* DATA PROVIDED
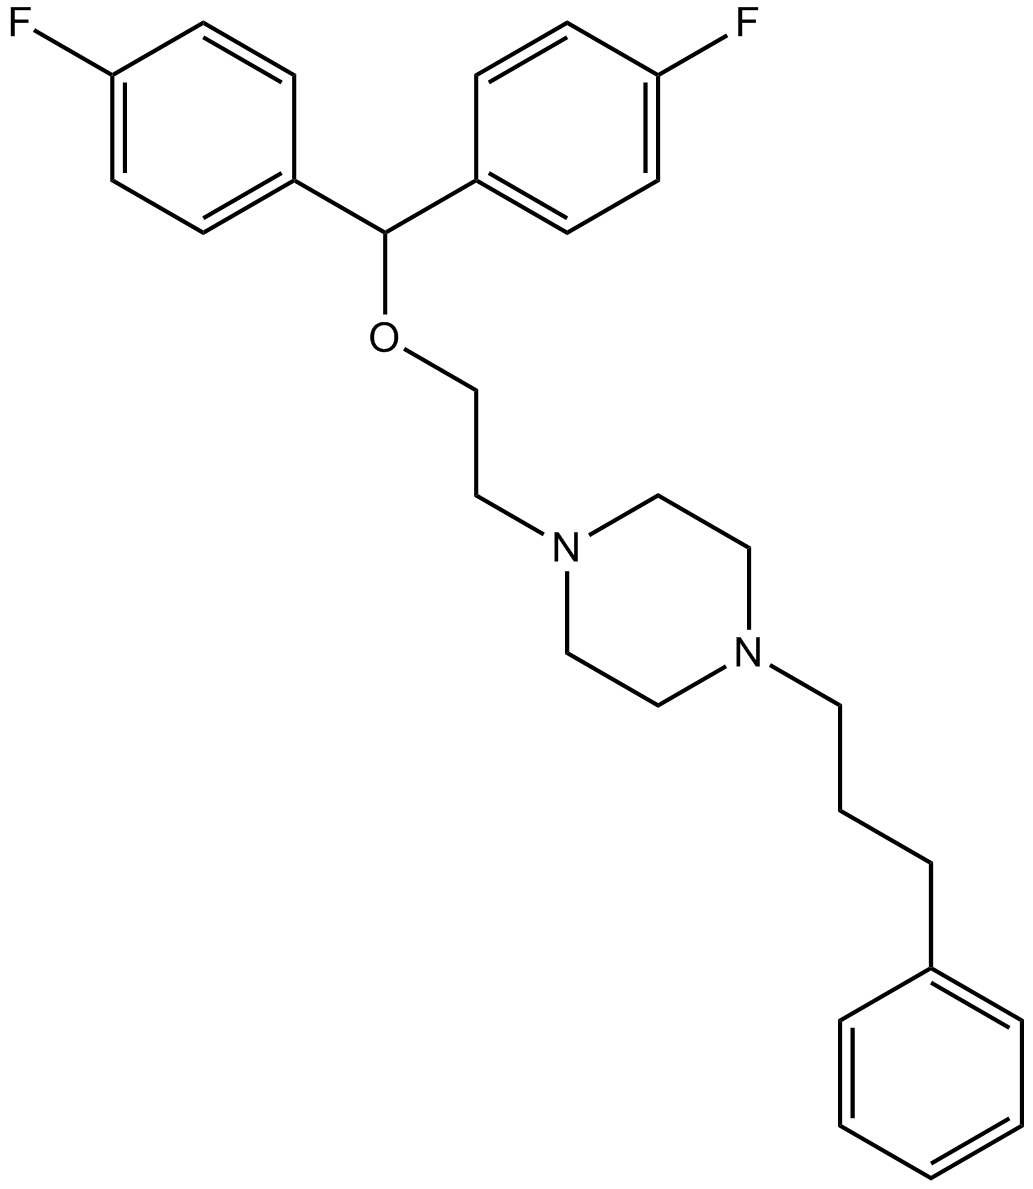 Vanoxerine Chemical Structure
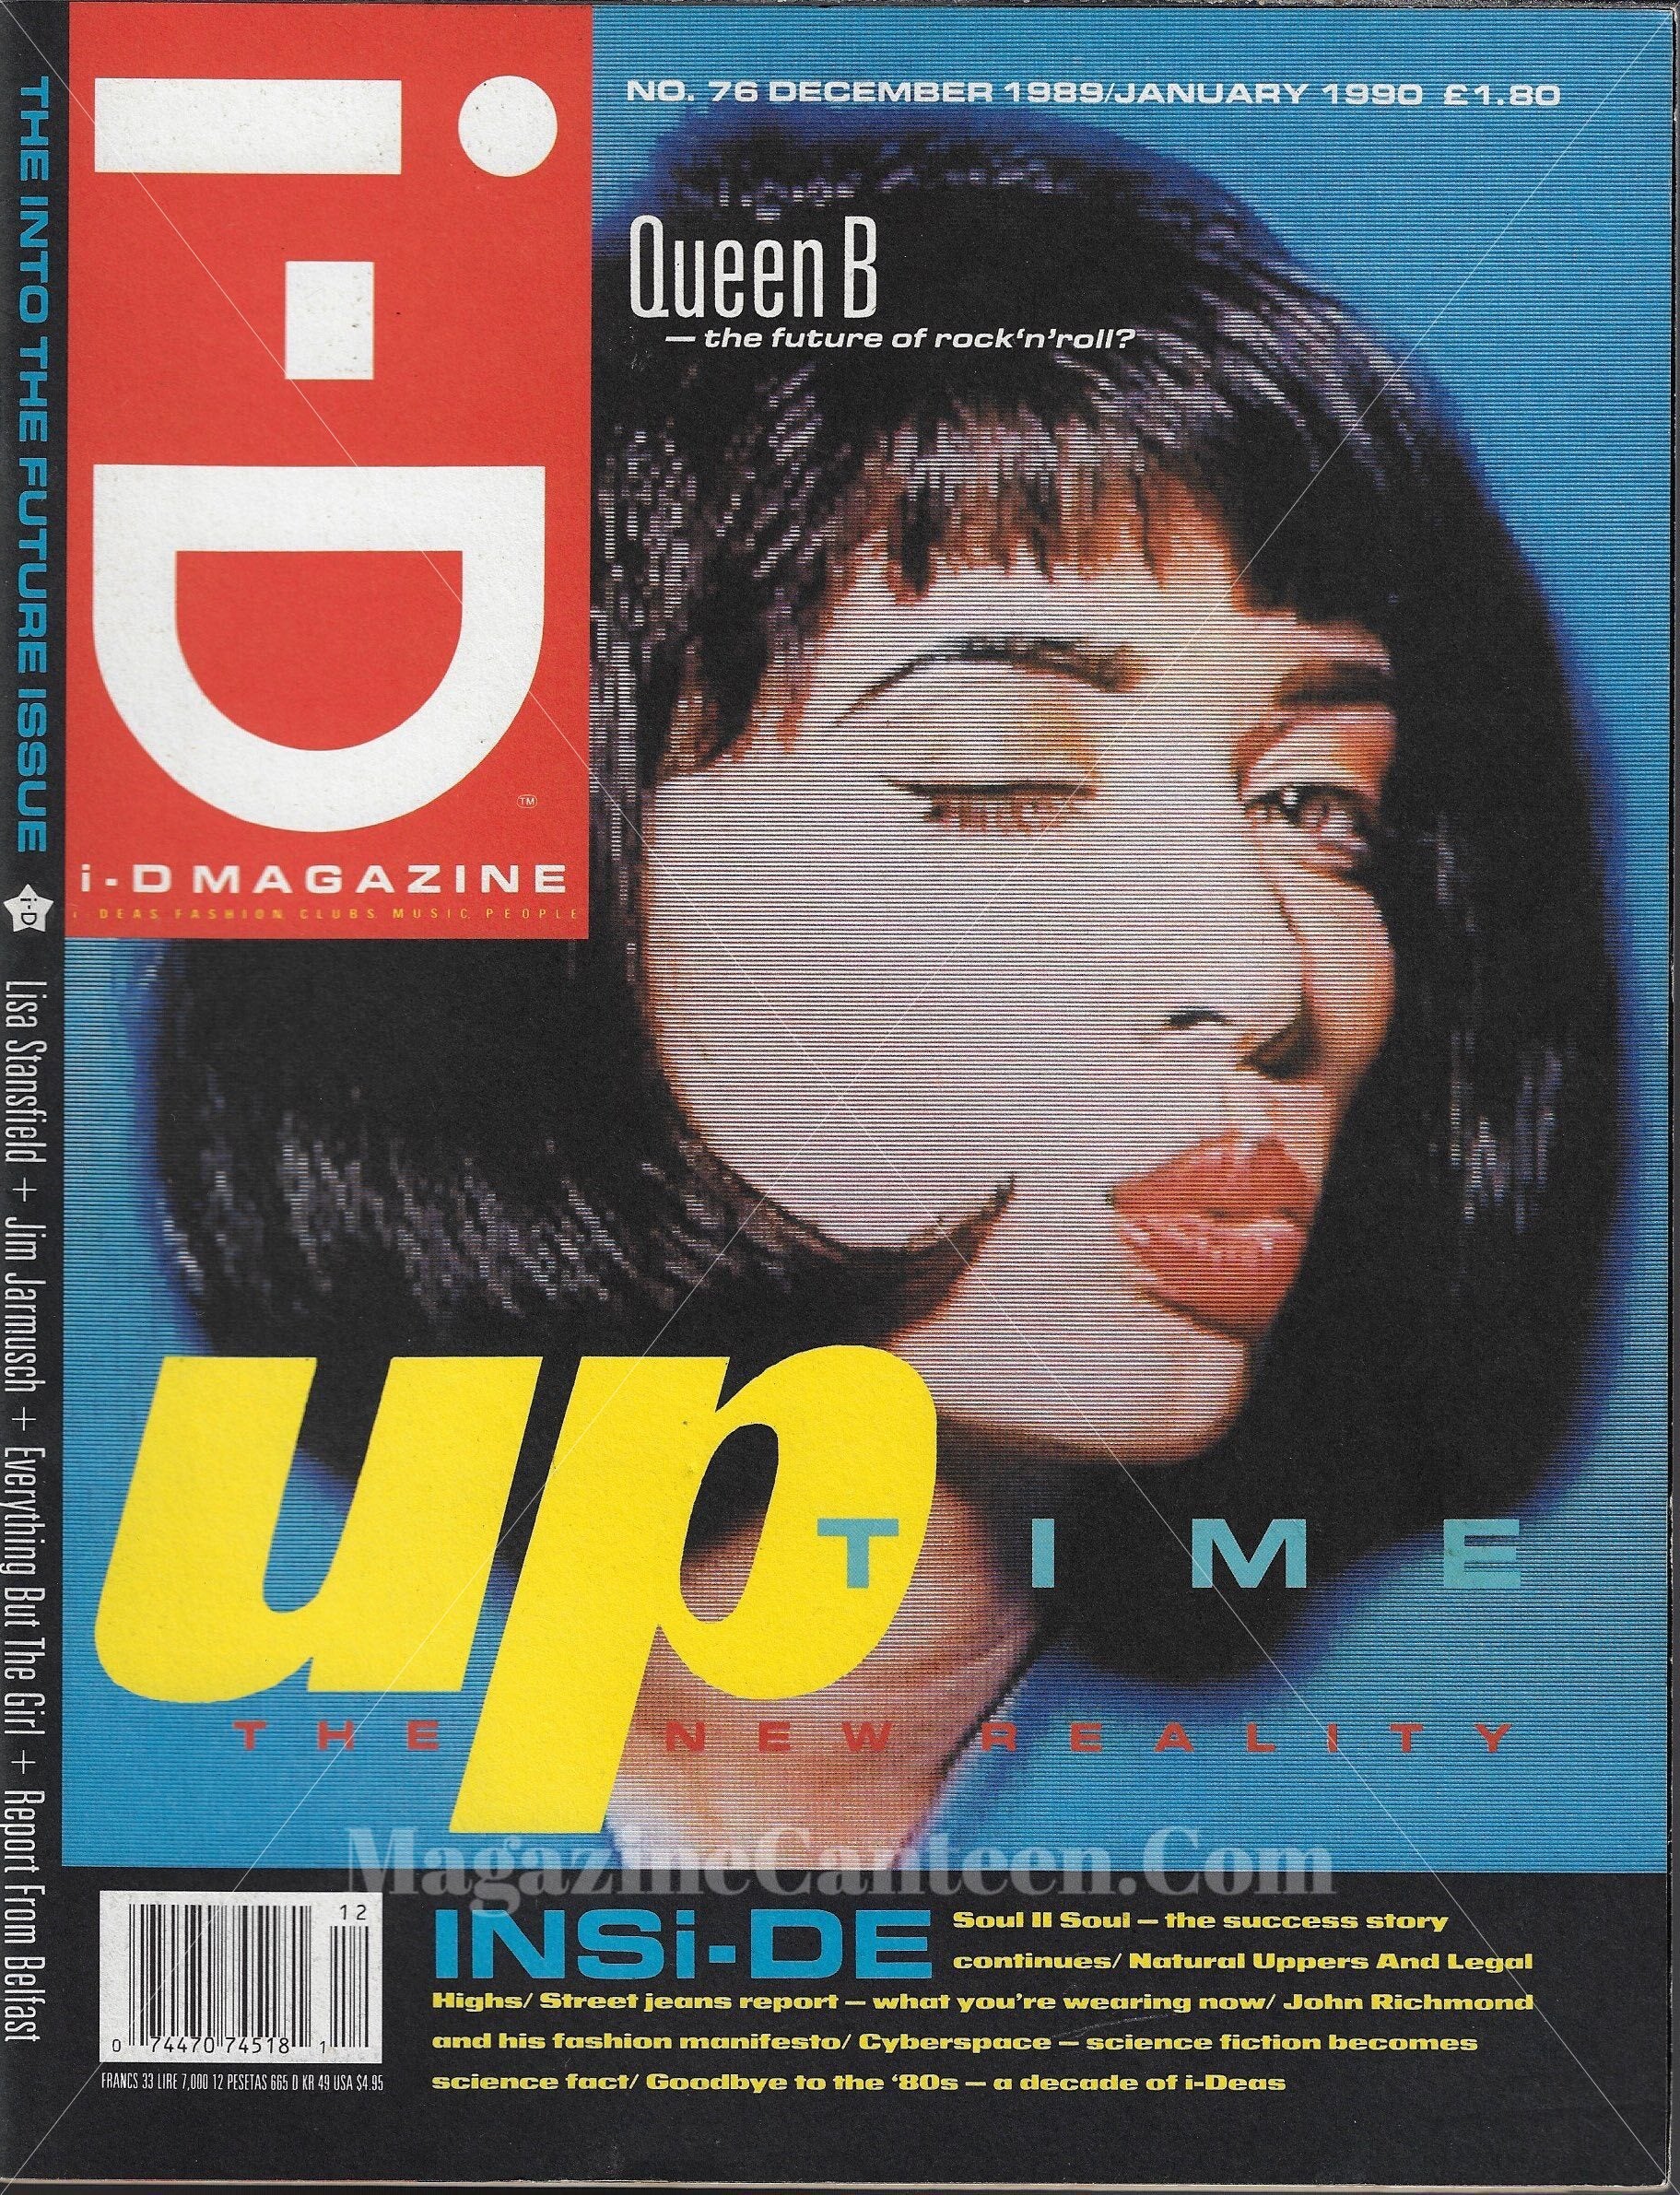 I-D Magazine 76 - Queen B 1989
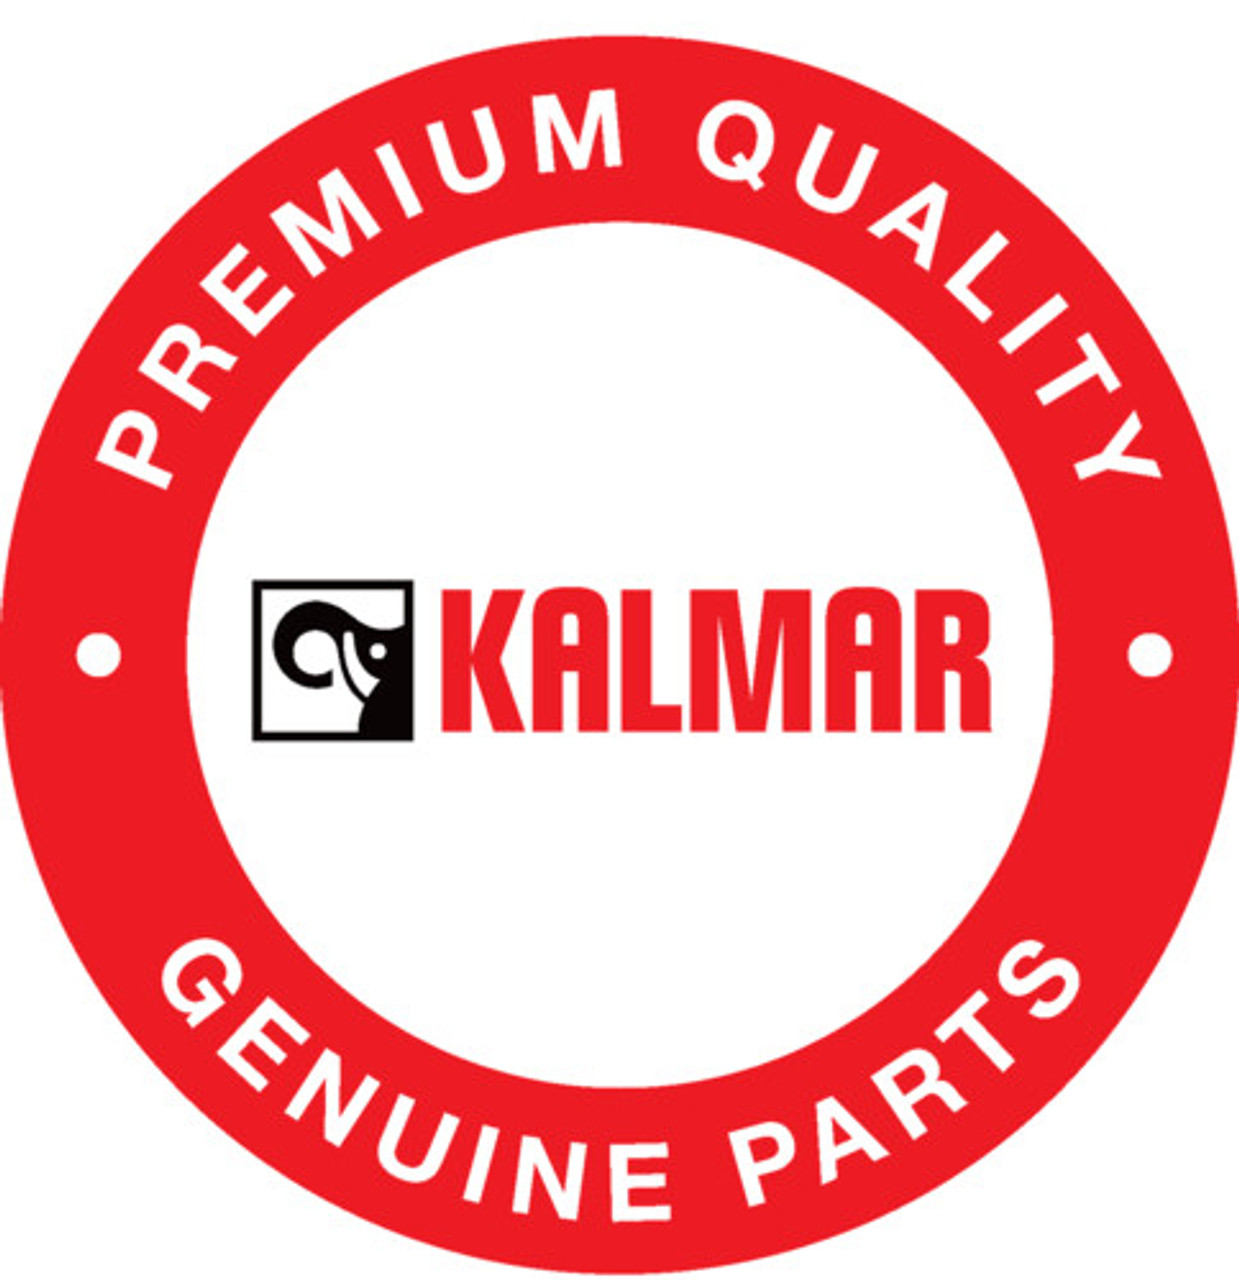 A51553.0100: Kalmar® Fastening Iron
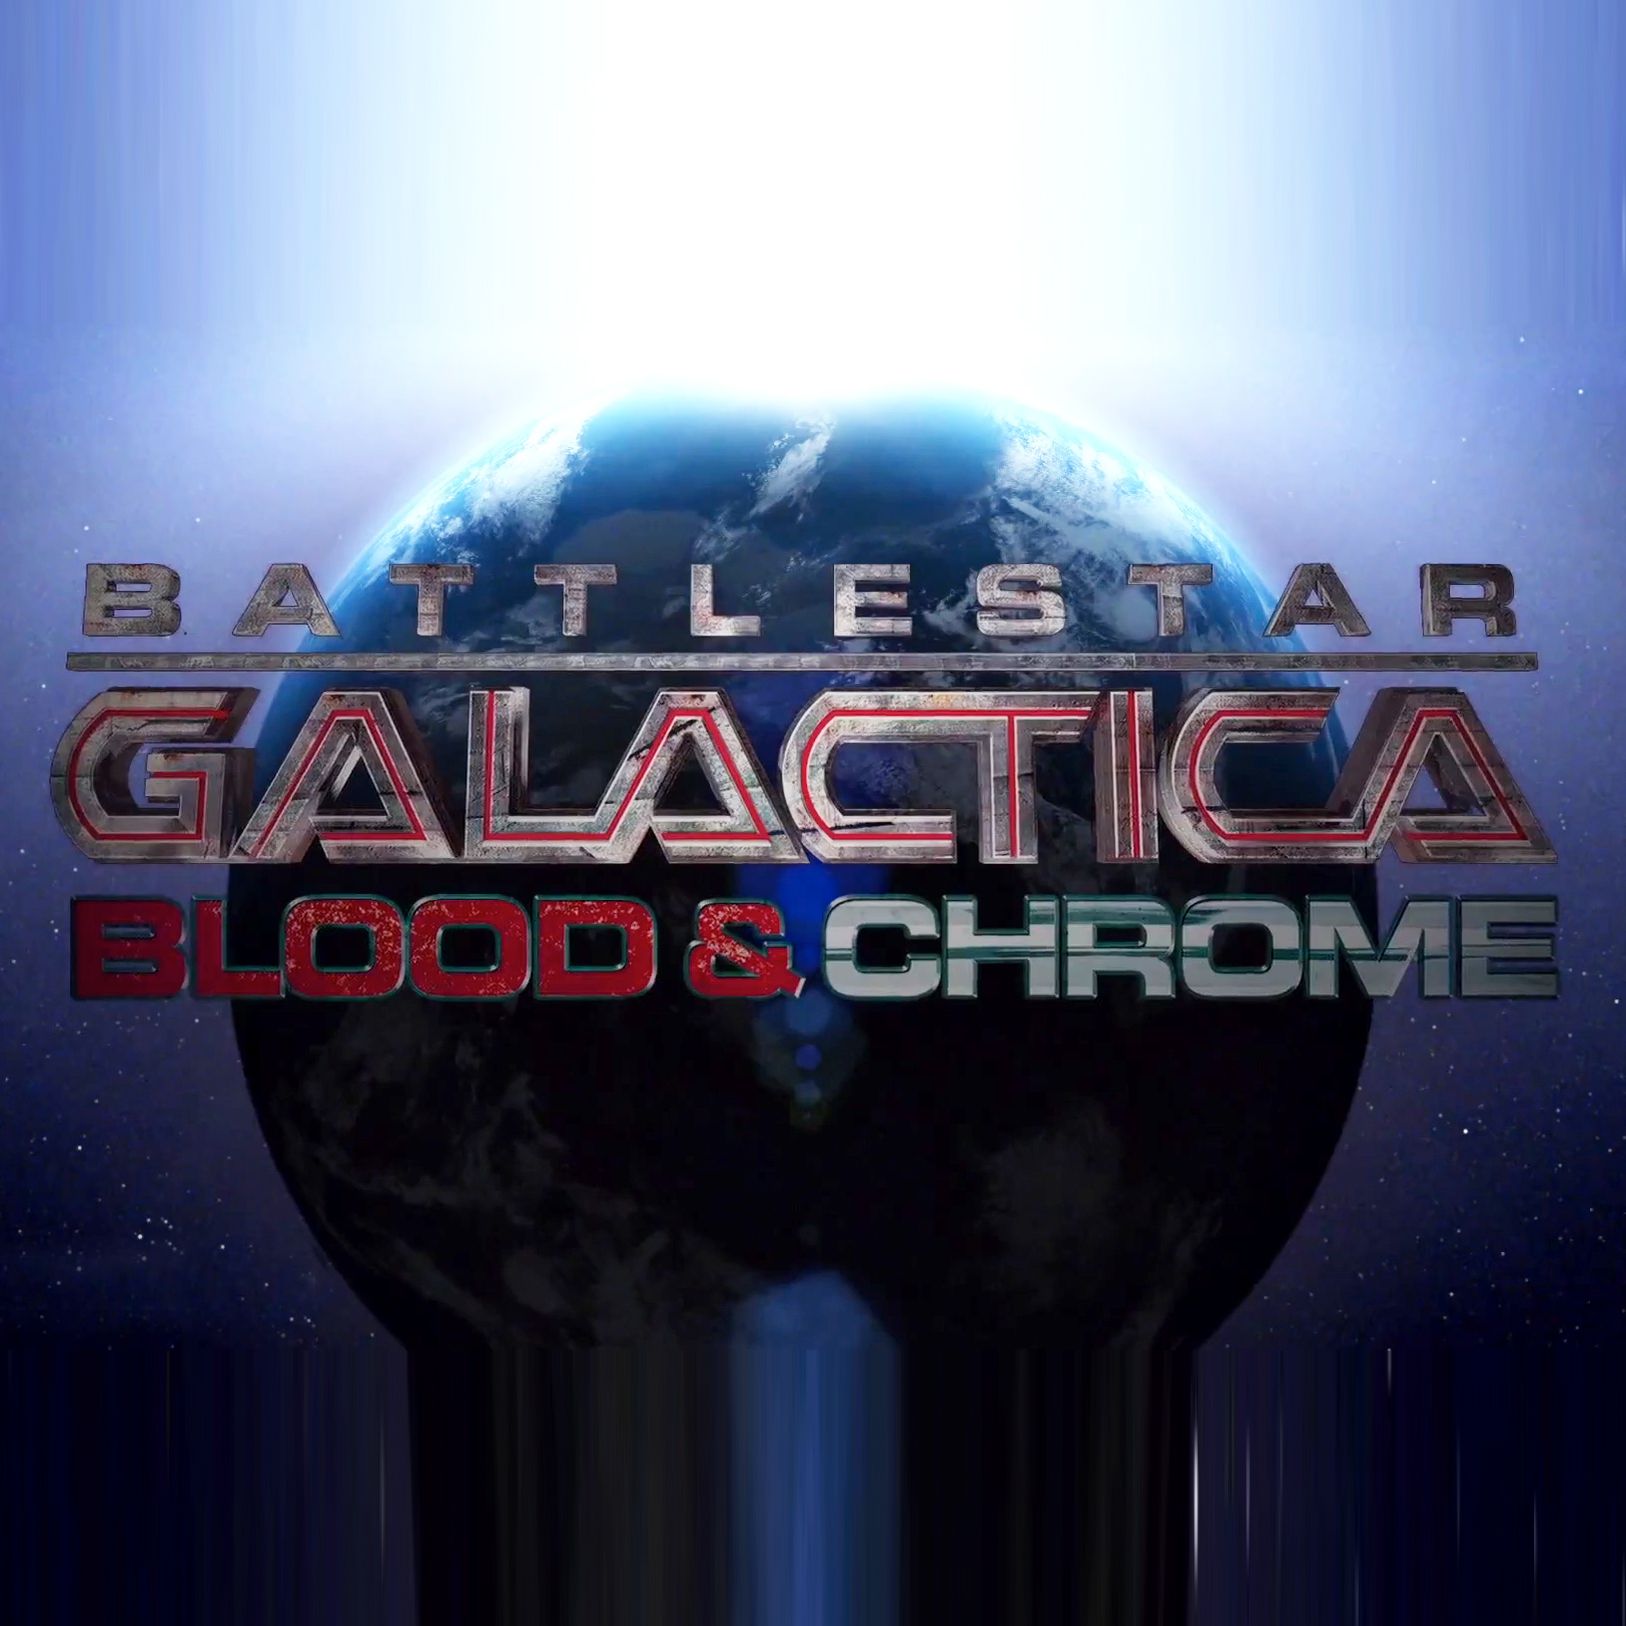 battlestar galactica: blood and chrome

* PROBLEM TO WORK ON
For this exercise, transcribe the data above line by line, exactly, with pictures omitted.

* OUTPUT OF THE TASK
 Vanoxerine Chemical Structure
 I-D Magazine 76 - Queen B 1989
 A51553.0100: Kalmar® Fastening Iron
 battlestar galactica: blood and chrome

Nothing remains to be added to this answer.